(Listed records begins)

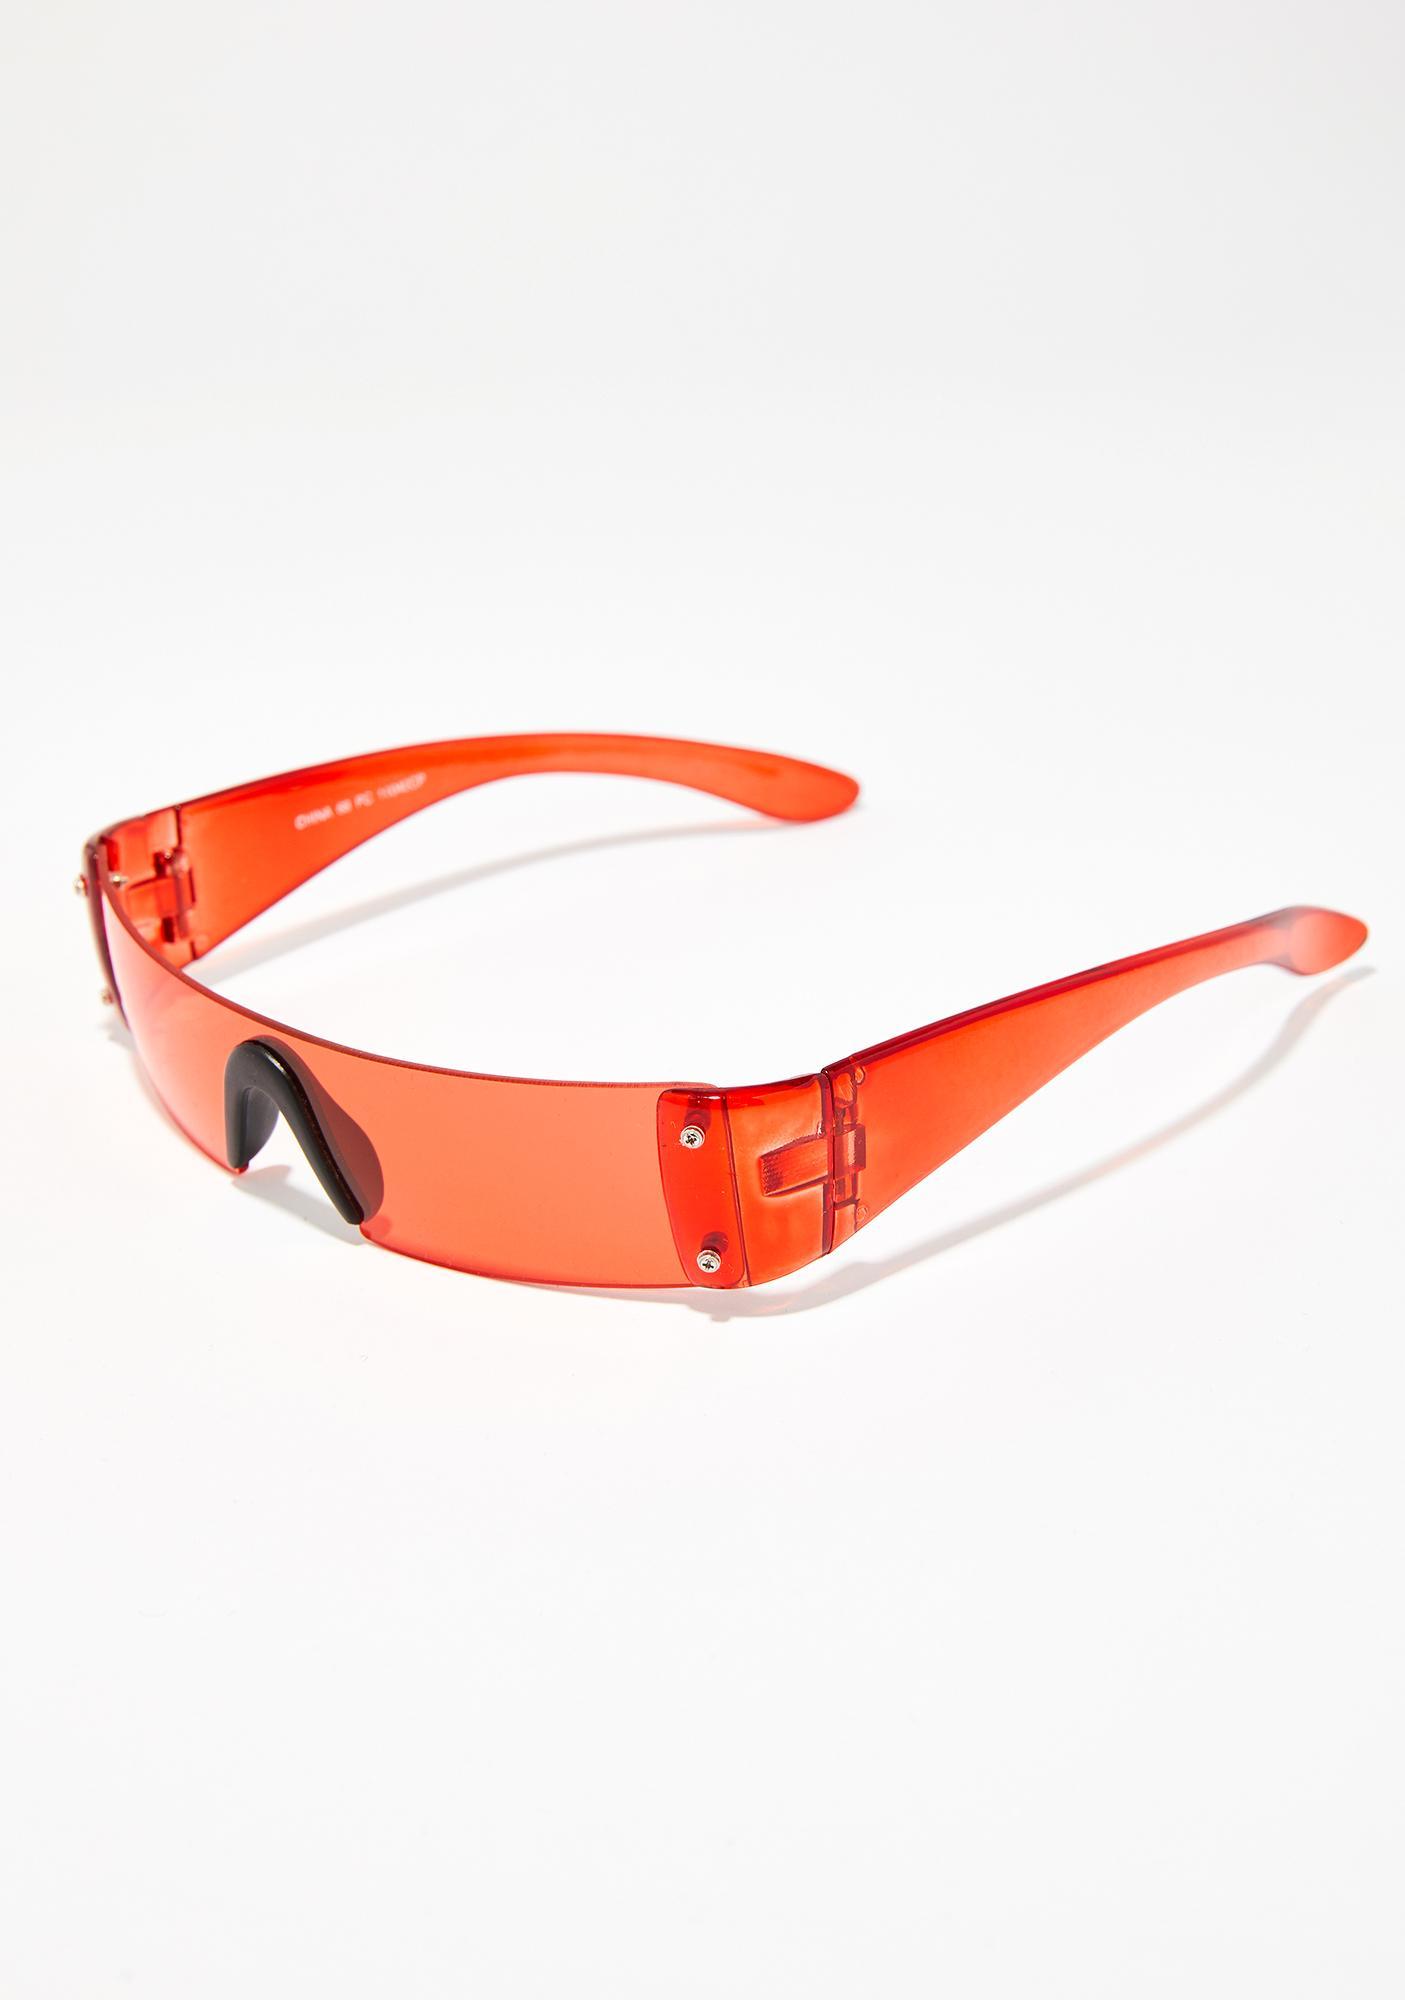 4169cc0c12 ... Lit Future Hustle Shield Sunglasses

(Listed records ends)
(Listed records begins)

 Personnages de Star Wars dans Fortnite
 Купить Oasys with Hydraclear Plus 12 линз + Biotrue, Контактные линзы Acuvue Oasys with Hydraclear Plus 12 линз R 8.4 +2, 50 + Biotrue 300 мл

(Listed records ends)

_What to work on:_ The lines above from the one containing "Personnages de Star Wars dans Fortnite" through the one containing "Купить Oasys with" are to be set down exactly, and no others.

_Finished task:_
 Personnages de Star Wars dans Fortnite
 Купить Oasys with Hydraclear Plus 12 линз + Biotrue, Контактные линзы Acuvue Oasys with Hydraclear Plus 12 линз R 8.4 +2, 50 + Biotrue 300 мл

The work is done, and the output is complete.